Task to complete. Every entry below should be written out exactly, and no image should appear.
----------------
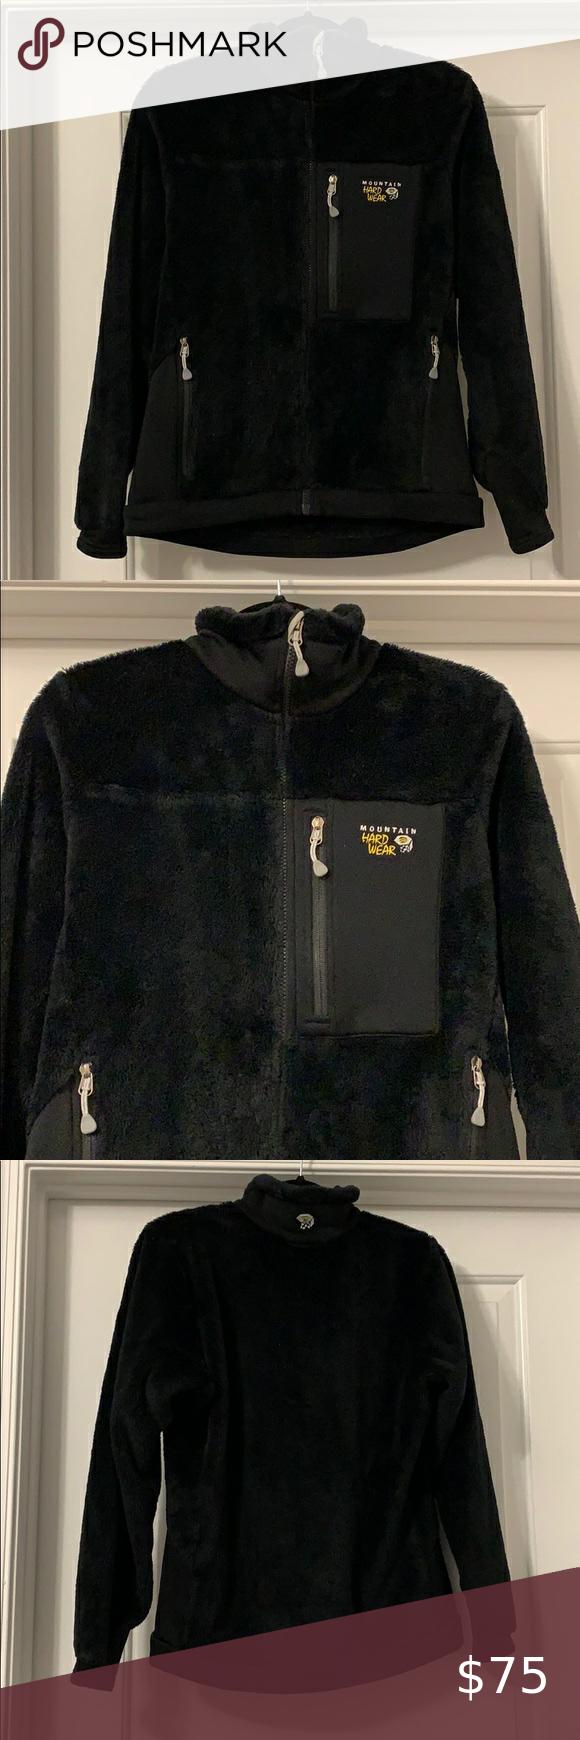 Women S Mountain Hardwear Fleece Jacket Fleece Jacket Mountain Hardwear Jacket Jackets [ 1740 x 580 Pixel ]
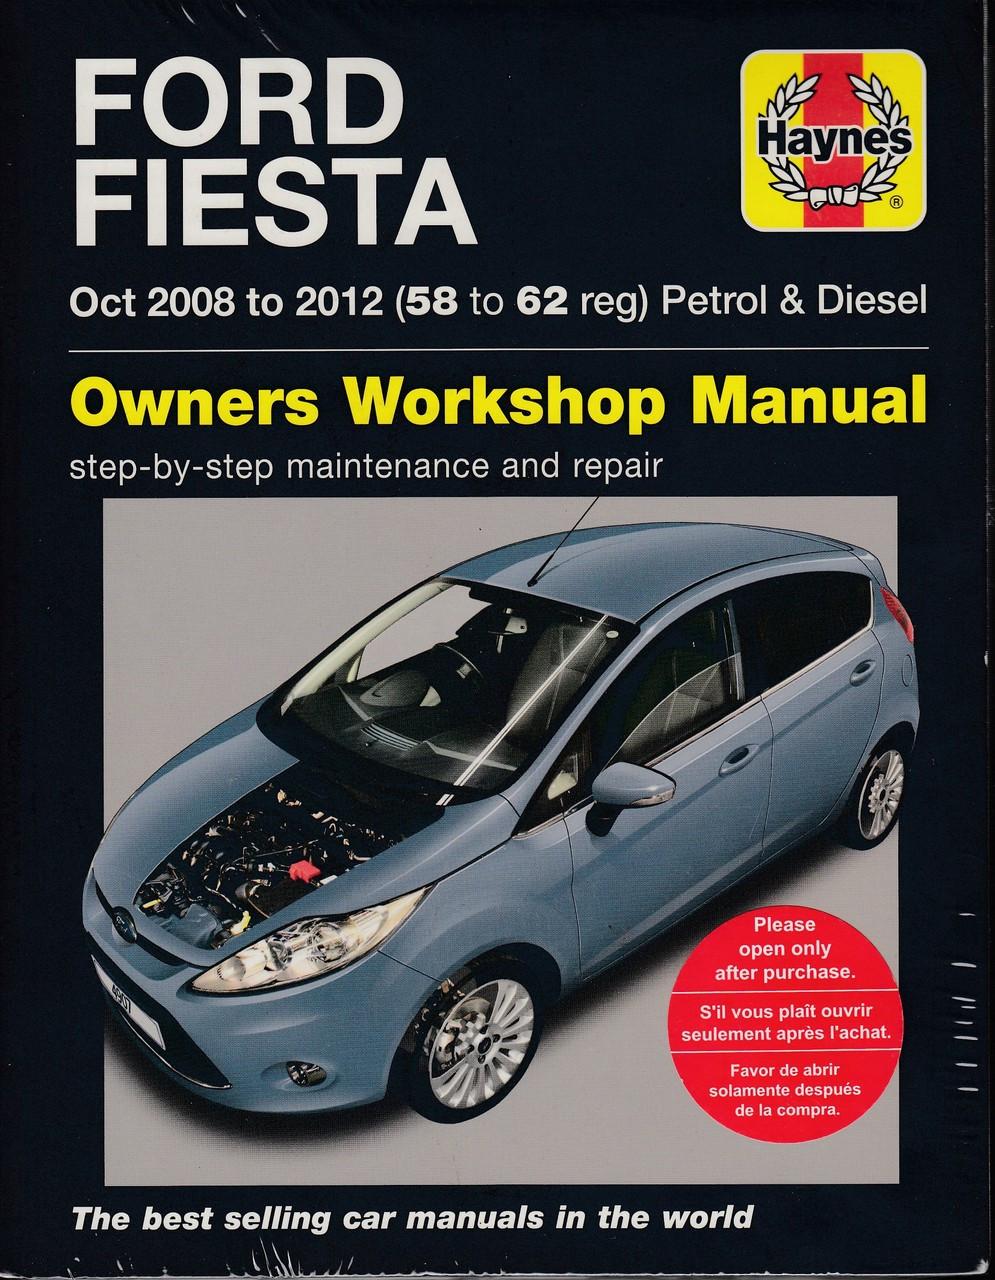 ford fiesta manual pdf
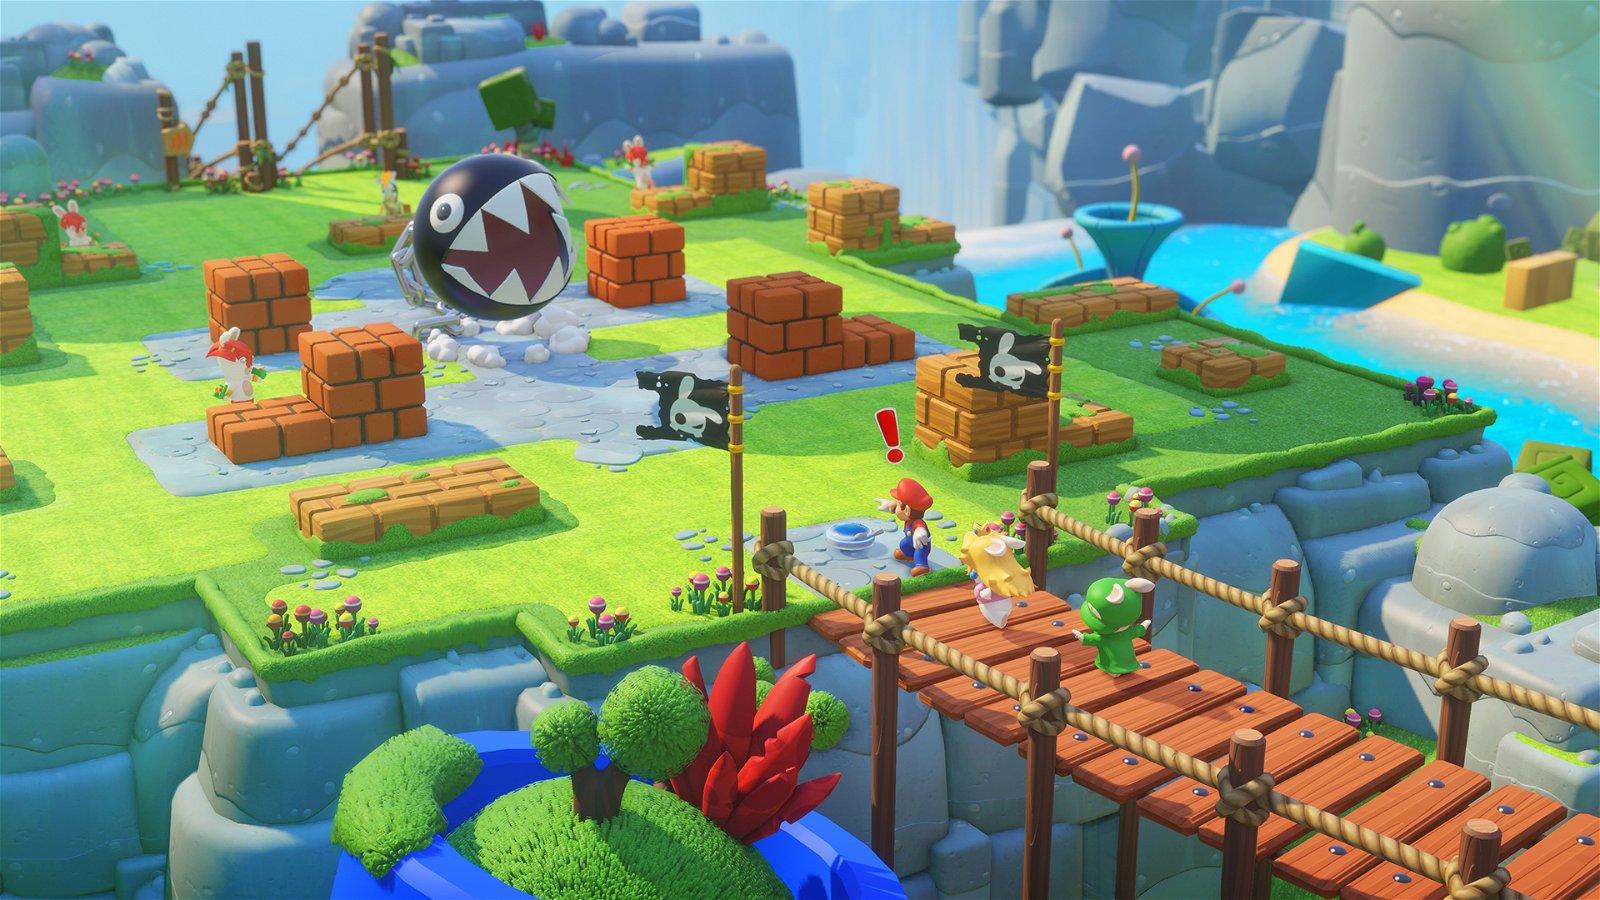 Mario+Rabbids: Kingdom Battle E3 2017 Preview 1
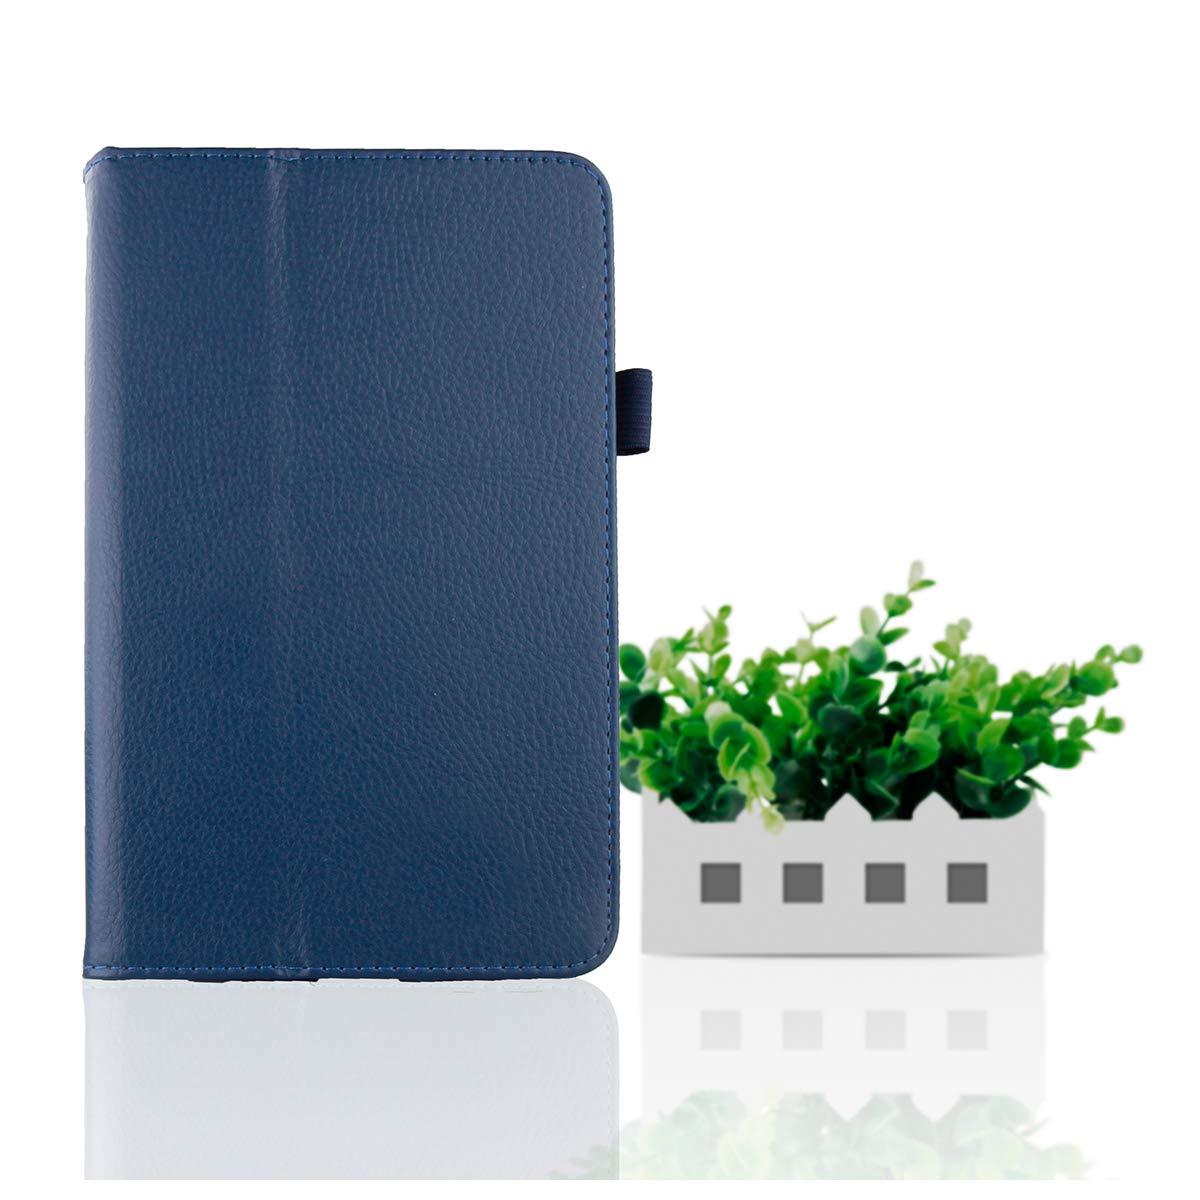 LG G Pad 7.0 V400 プレミアム PUレザー フリップケース ケースリストレザーケース カード付き C605-5Q-917  ダークブルー B07LFF9JCQ
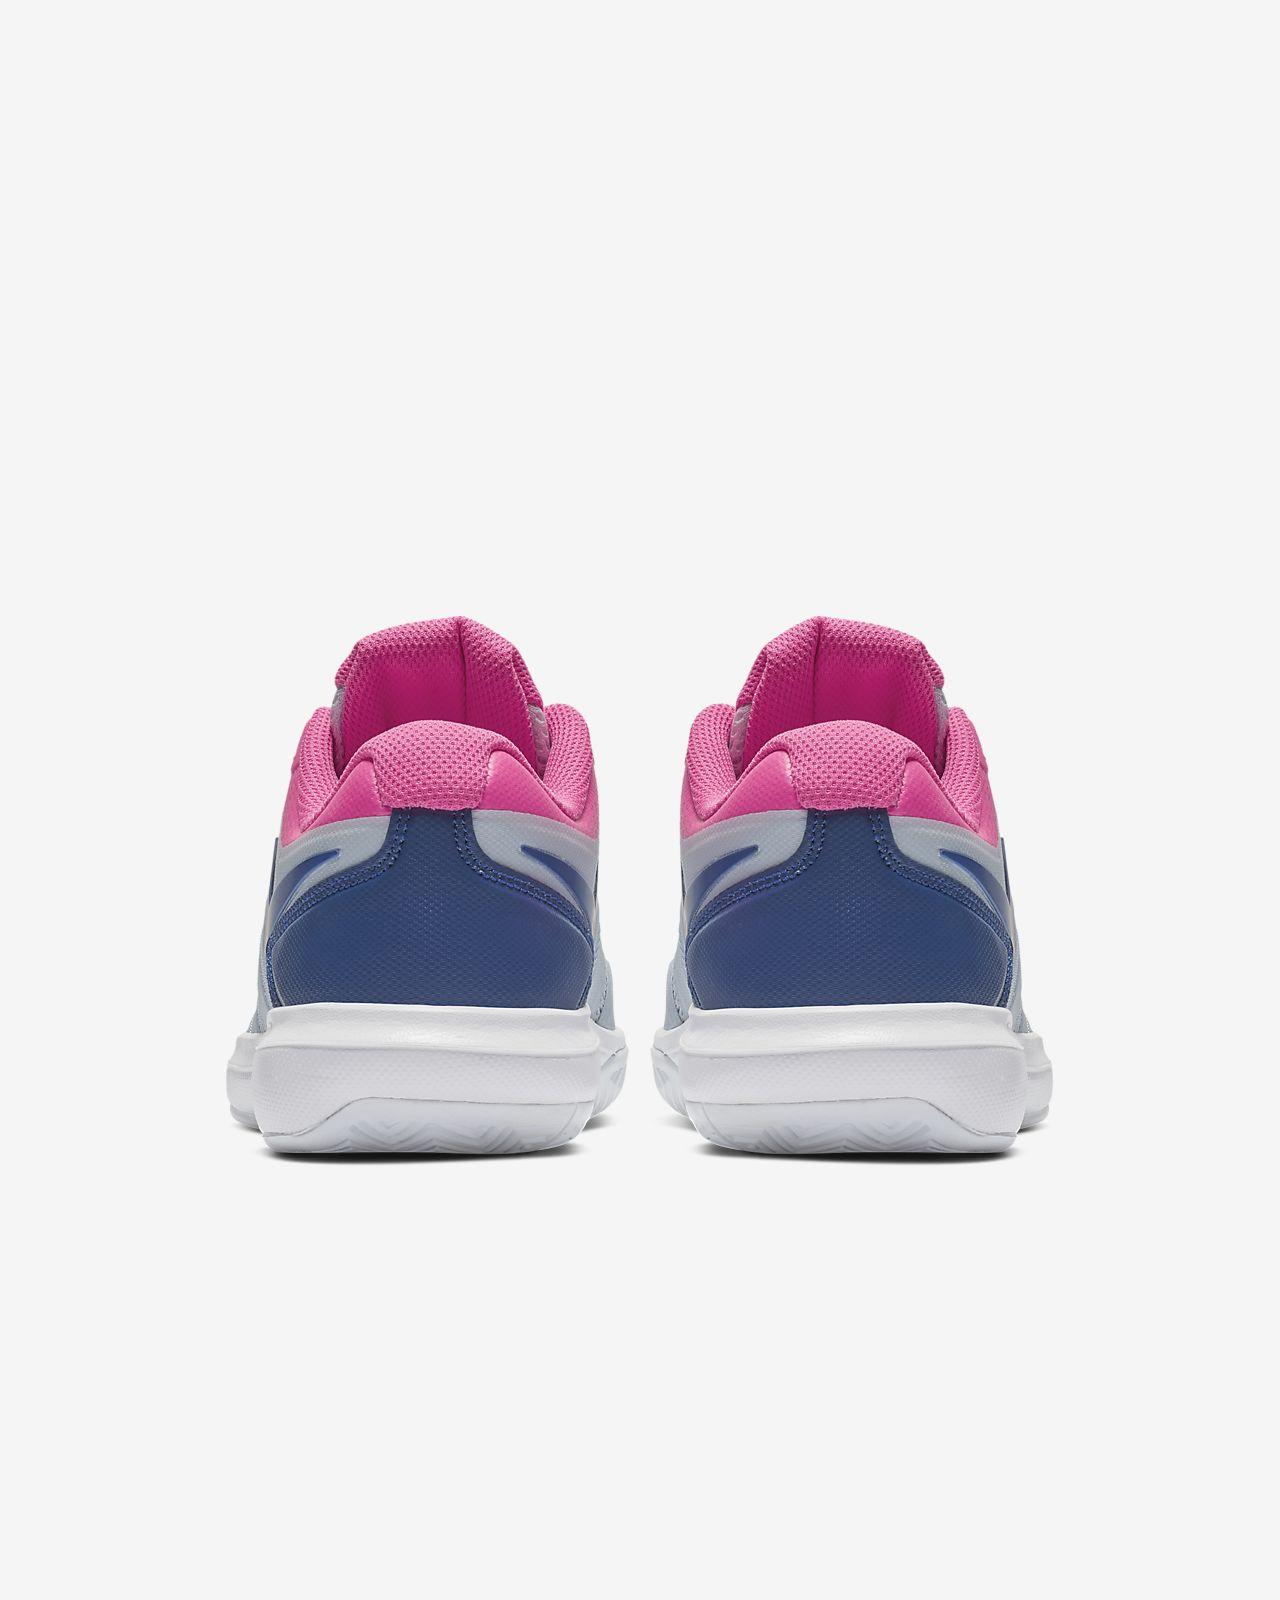 b9b456194b ... Sapatilhas de ténis para piso duro NikeCourt Air Zoom Prestige para  mulher
----------------
Answer for this exercise.
 Women S Mountain Hardwear Fleece Jacket Fleece Jacket Mountain Hardwear Jacket Jackets [ 1740 x 580 Pixel ]
 ford fiesta manual pdf
 Mario+Rabbids: Kingdom Battle E3 2017 Preview 1
 LG G Pad 7.0 V400 プレミアム PUレザー フリップケース ケースリストレザーケース カード付き C605-5Q-917  ダークブルー B07LFF9JCQ
 b9b456194b ... Sapatilhas de ténis para piso duro NikeCourt Air Zoom Prestige para  mulher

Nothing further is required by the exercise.